12.06.16


Harvest Time

Starting in September, growers inspect trees for pest infestation, discoloration, and general health. About 20-30% of the trees are then deemed salable and marked for harvest. When the time comes for harvest in late fall, tree-cutters topple up to 1,500 trees a day with chainsaws. The felled trees are gathered into bunches of about 10 to 15 -- and that’s when the excitement begins.

Small farms looking to maximize profits might opt to have customers chop down their own trees, or to sell them pre-cut at the farm. But for larger suppliers -- such as those located in Oregon, the largest producer of Christmas trees in the world -- the months of November and December involve quite the high-flying spectacle in order to provide places like Home Depot and Lowe’s with enough trees to meet the holiday demand.

With such numerous, bulky yields, harvesting and delivering each tree by hand would be impossible. And so, the bundles of trees take to the air. The 800-pound bunches are hooked to helicopters with strong cables, dangling from the skids as they travel from farm to warehouse. A single helicopter is able to transport as many as 800 Christmas trees in an hour. Once at the warehouse, the trees are prepared for shipment. First, they enter the “shaker,” a contraption that removes dead needles. Then they’re tied up with a rope, and after a final nip and tuck, the trees embark on the next leg of their journey.
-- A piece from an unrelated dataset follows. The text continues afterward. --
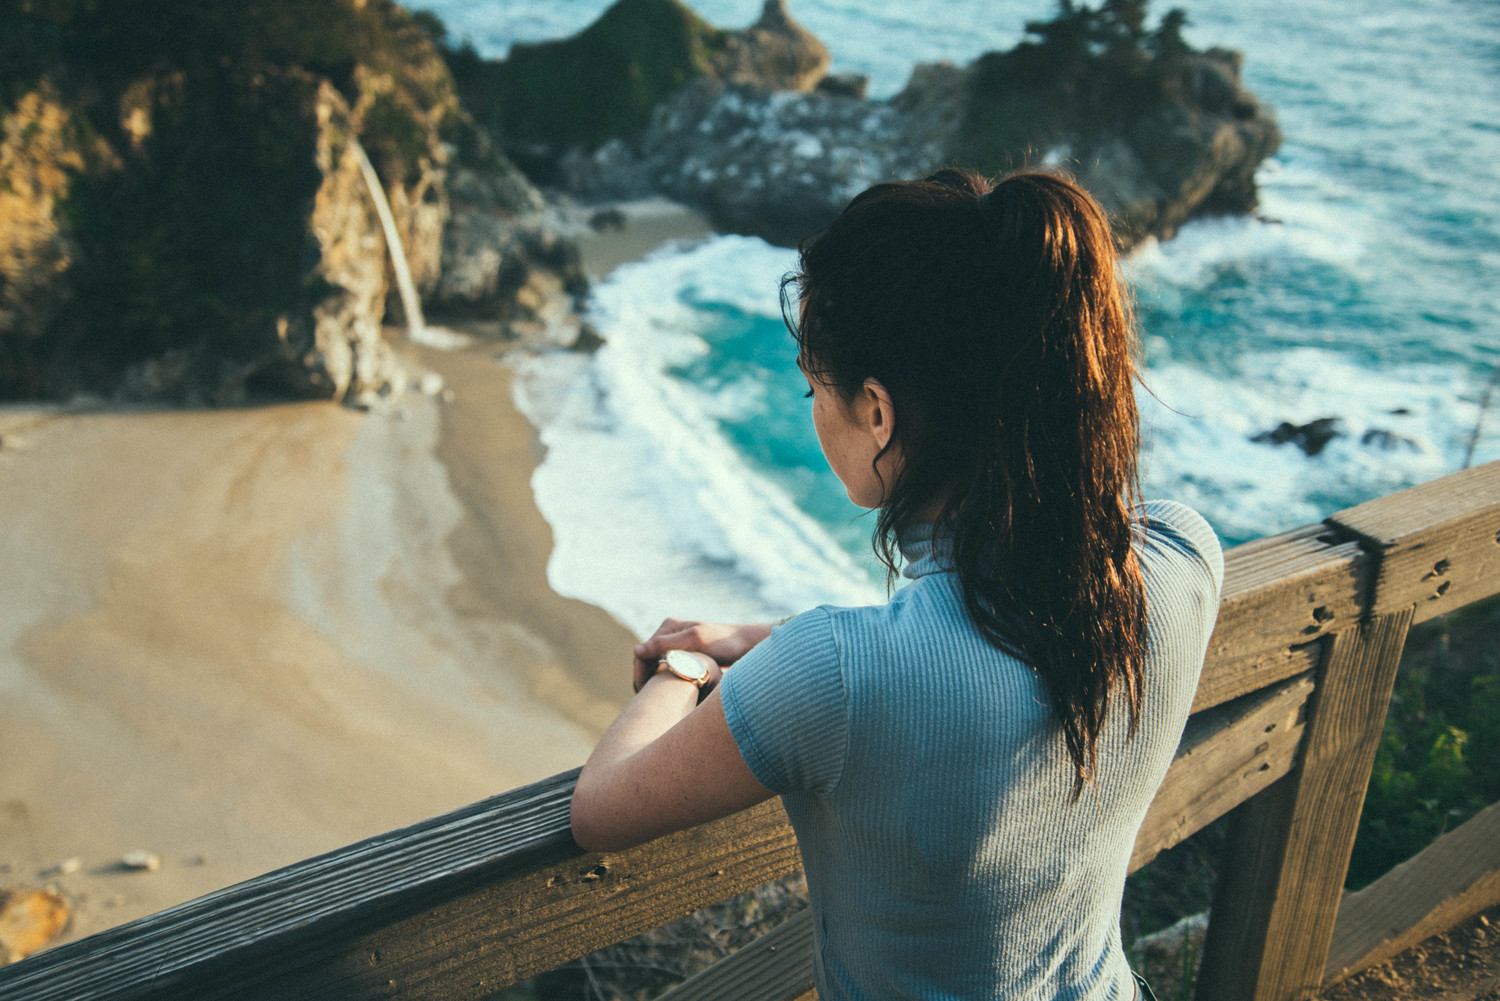 People 1500x1001 Noel Alvarenga women women outdoors back looking into the distance Chill Out sea sand photography landscape ponytail wristwatch young women Big Sur McWay Falls California USA Megan Costley
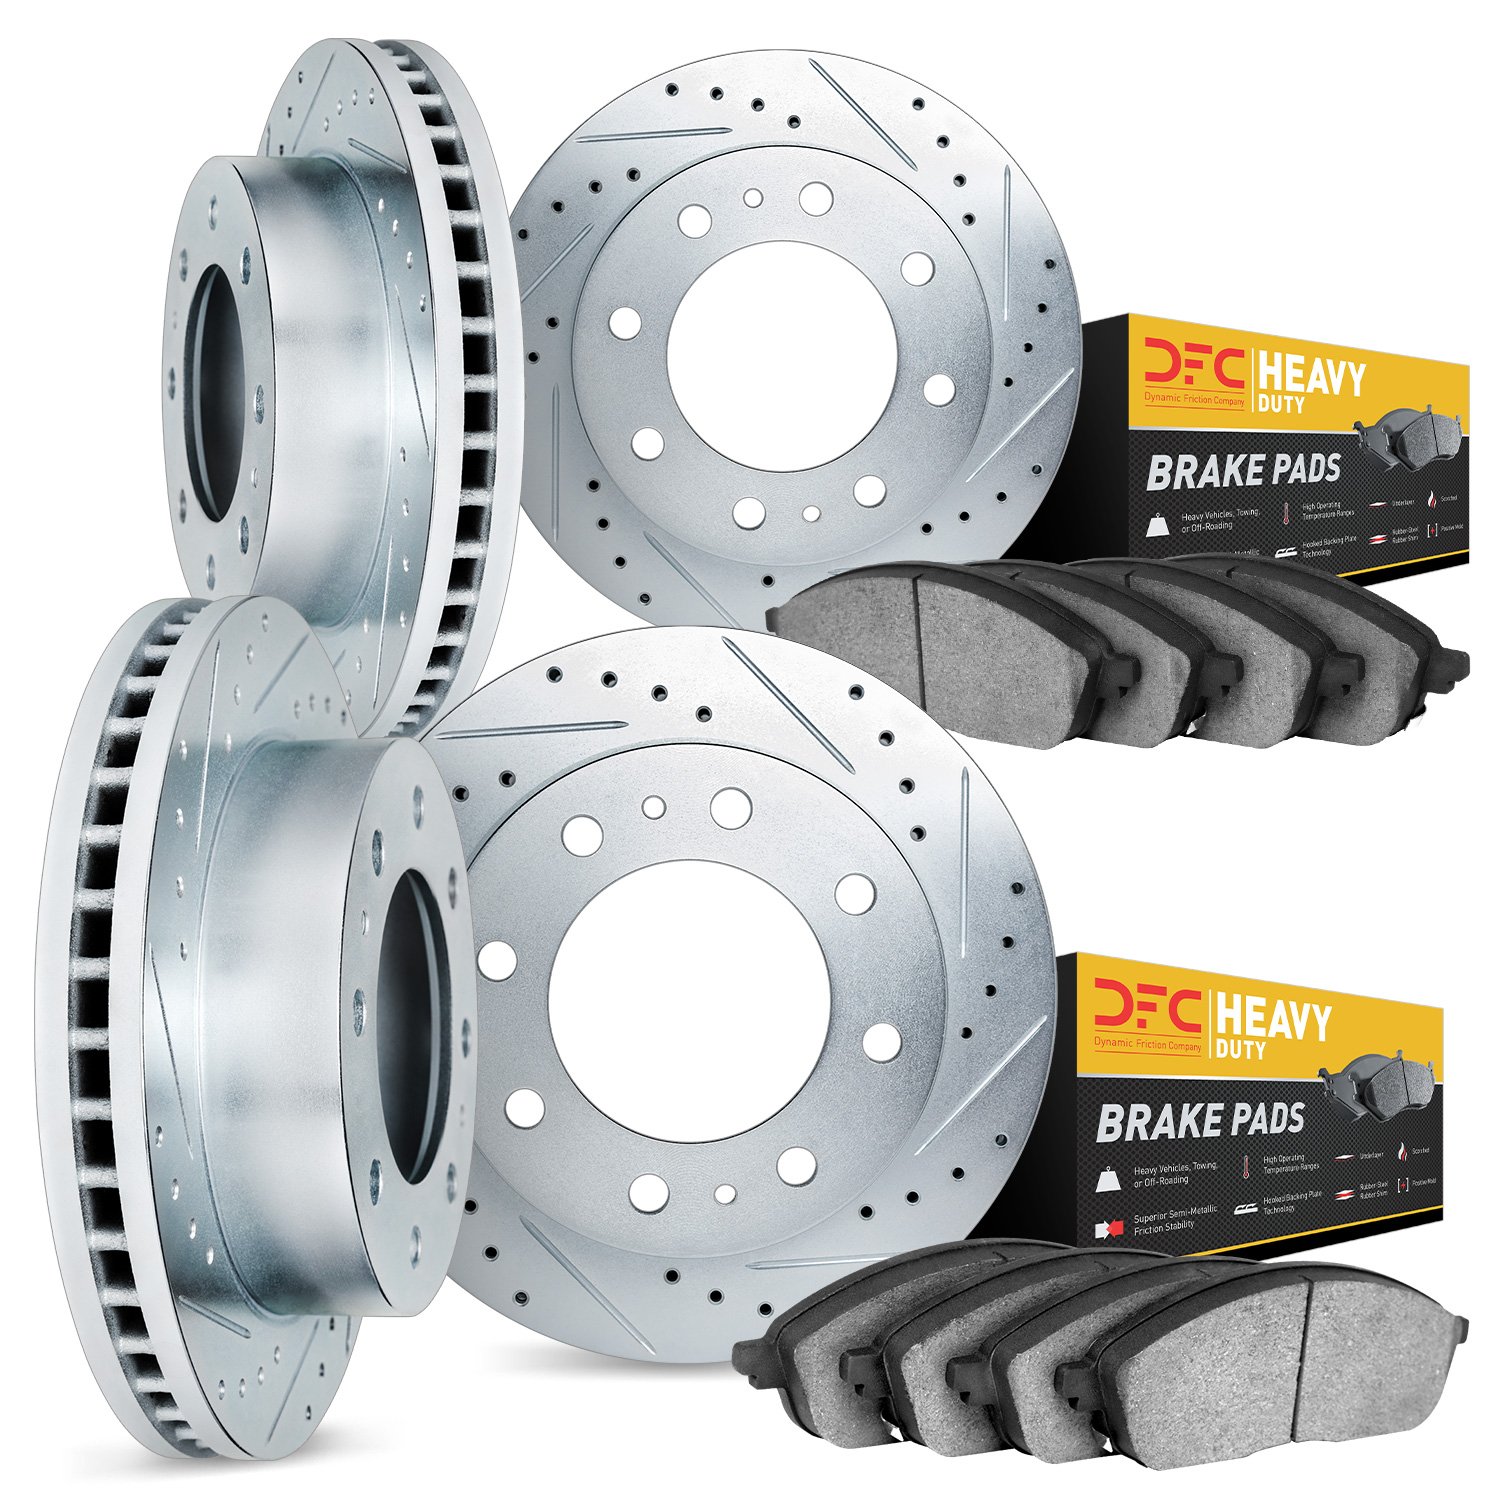 7204-99112 Drilled/Slotted Rotors w/Heavy-Duty Brake Pads Kit [Silver], Fits Select Ford/Lincoln/Mercury/Mazda, Position: Front

Now Coming to a Store Near You

Transport from the warehouse to the retailer comes with its own set of challenges. At high-tech warehouses, palletizer devices stack trees into a 30-tree-high compact cube. Without such gadgets, tree loading is an arduous process, since each tree must be loaded and unloaded individually.

From the warehouse, the 2,000-pound cargoload snakes across the country in shaved ice-filled truck beds, while some board refrigerated ships to an international destination. For example, Oregon’s trees deck the halls in far-flung locales like Malaysia, Dubai, and Guatemala, as well as along the West Coast.

This high-wire process of delivering trees to retailers also necessitates some luck in avoiding winter storms. Christmas snow might be romantic, but it’s devastating for farmers who need to get their crop in primo roadside locations before Christmas. Once the trees have made it safely to the lot, there’s still one more journey in store: parking lot to living room. For those who want to avoid the hassle of bungee-cording a tree to their car rooftop, there’s an app for that: shoppers can now order an Uber to deliver their tree.

Who knows -- maybe this whole process would be easier if Christmas trees could be transported by sleigh. For now, we can rely on a well-executed supply chain to deliver our annual Christmas cheer.